Evaluation Metrics

The Collie library supports evaluating both implicit and explicit models.

Three common implicit recommendation evaluation metrics come out-of-the-box with Collie. These include Area Under the ROC Curve (AUC), Mean Reciprocal Rank (MRR), and Mean Average Precision at K (MAP@K). Each metric is optimized to be as efficient as possible by having all calculations done in batch, tensor form on the GPU (if available). We provide a standard helper function, evaluate_in_batches, to evaluate a model on many metrics in a single pass.

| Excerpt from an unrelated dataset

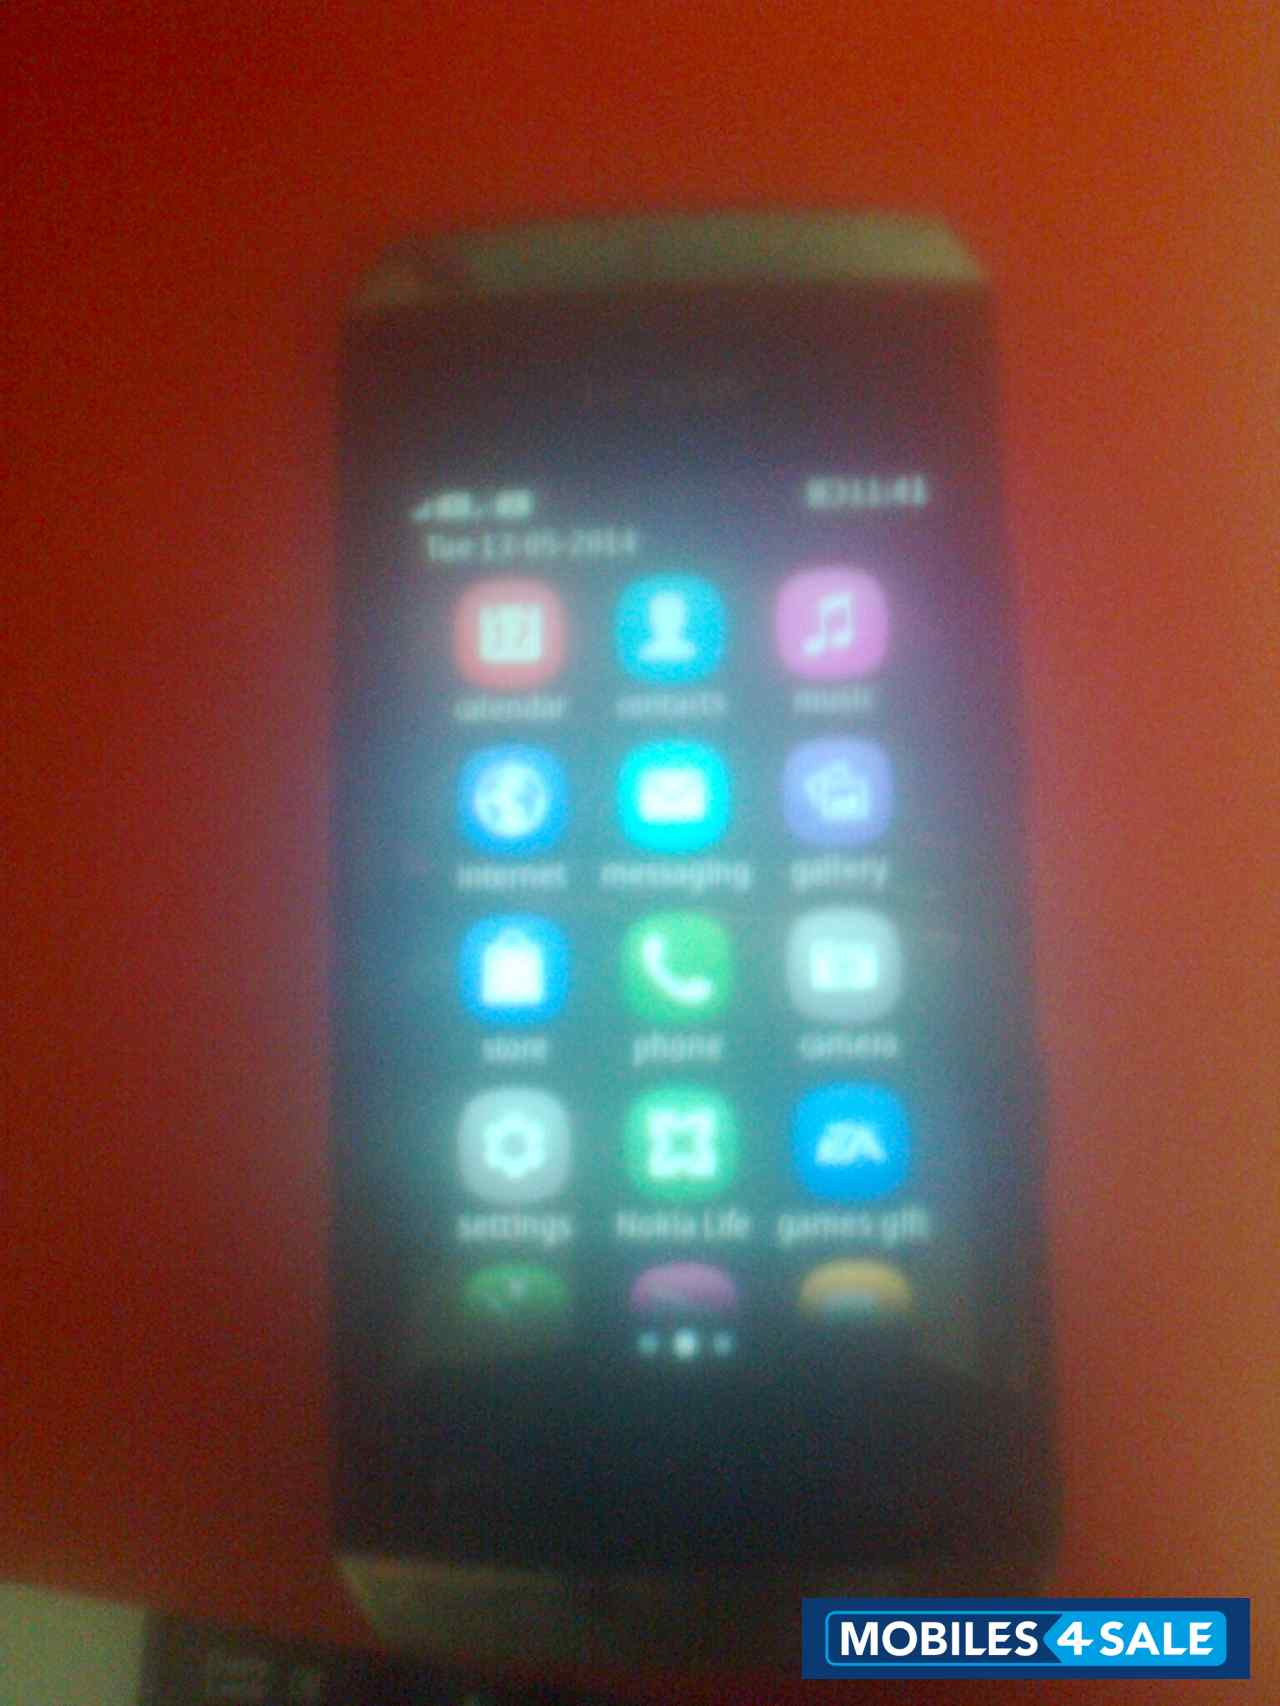 Silver Black Nokia Asha 305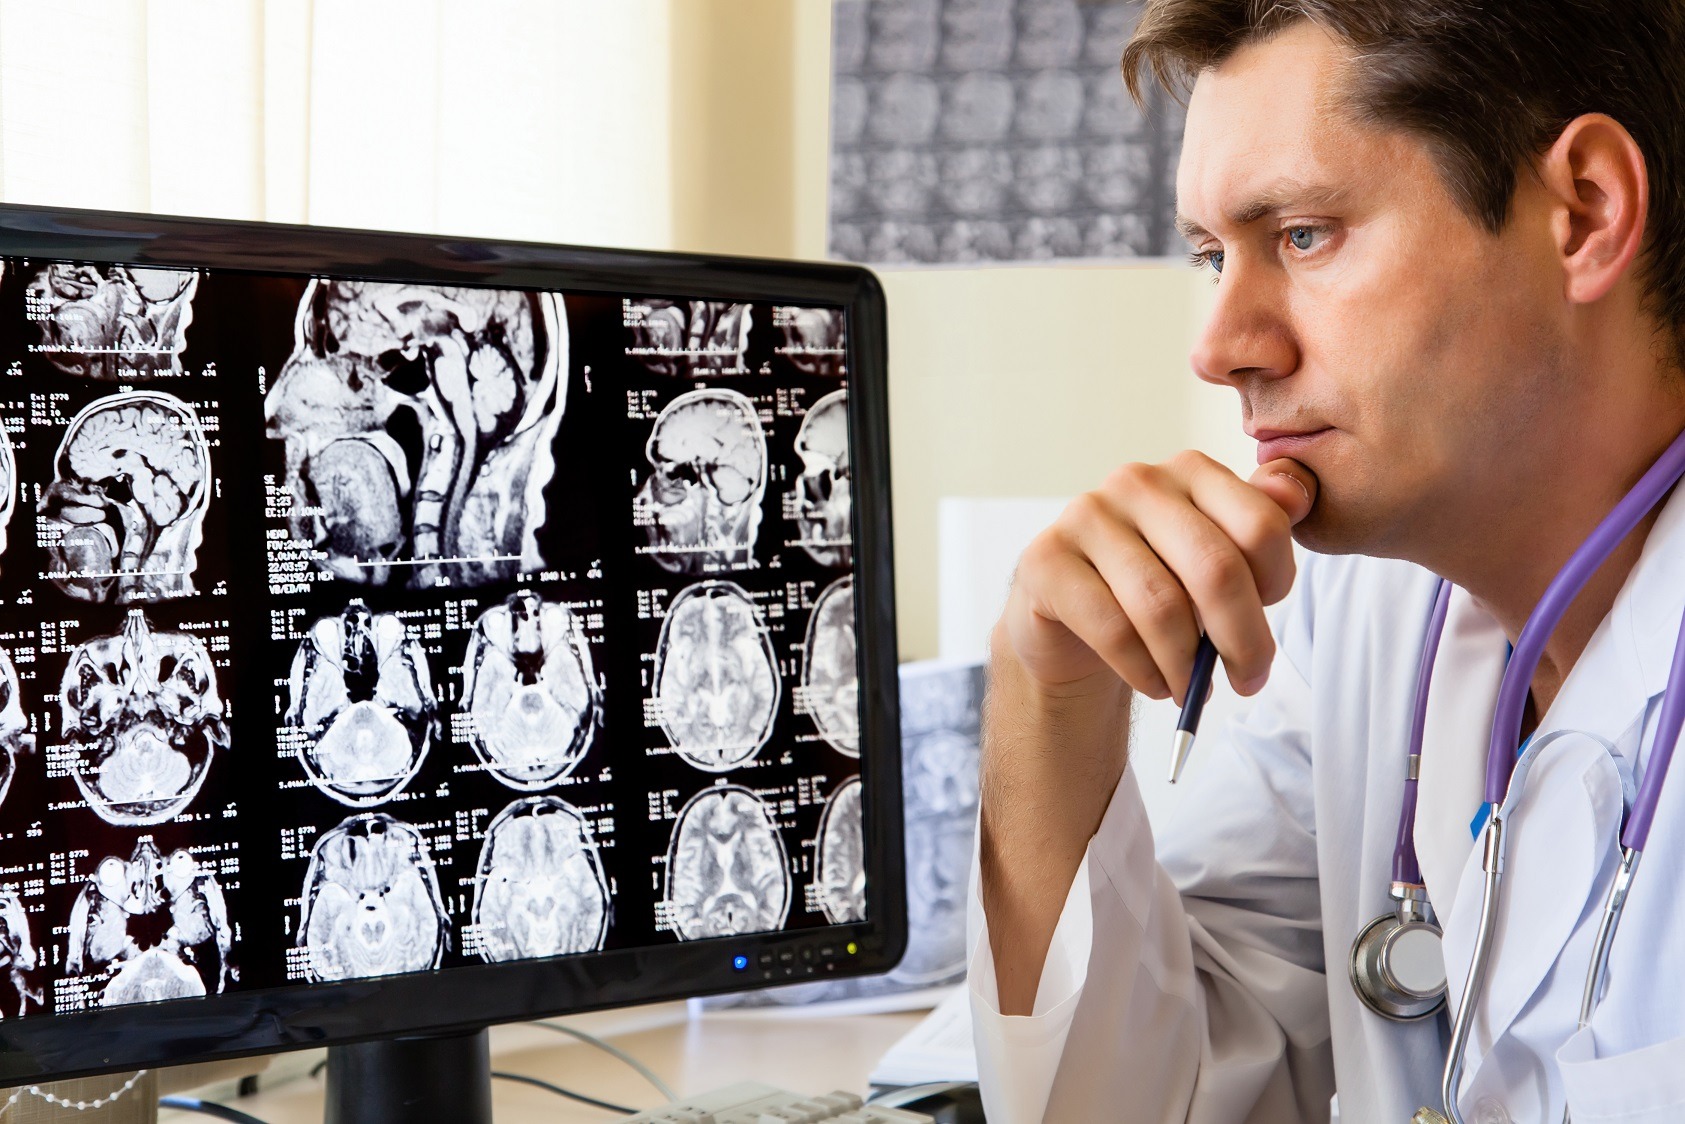 Medic neurolog: „Peste 50% dintre pacientii cu accident vascular cerebral au exces ponderal”

Explicit evaluation of recommendation systems is luckily much more straightforward, allowing us to utilize the TorchMetrics library for flexible, optimized metric calculations on the GPU accessed through a standard helper function, explicit_evaluate_in_batches, whose API is very similar to its implicit counterpart.

Evaluate in Batches

Implicit Evaluate in Batches

collie.metrics.evaluate_in_batches(metric_list: Iterable[Callable], test_interactions: collie.interactions.datasets.Interactions, model: collie.model.base.base_pipeline.BasePipeline, k: int = 10, batch_size: int = 20, logger: Optional[pytorch_lightning.loggers.base.LightningLoggerBase] = None, verbose: bool = True)List[float][source]

Evaluate a model with potentially several different metrics.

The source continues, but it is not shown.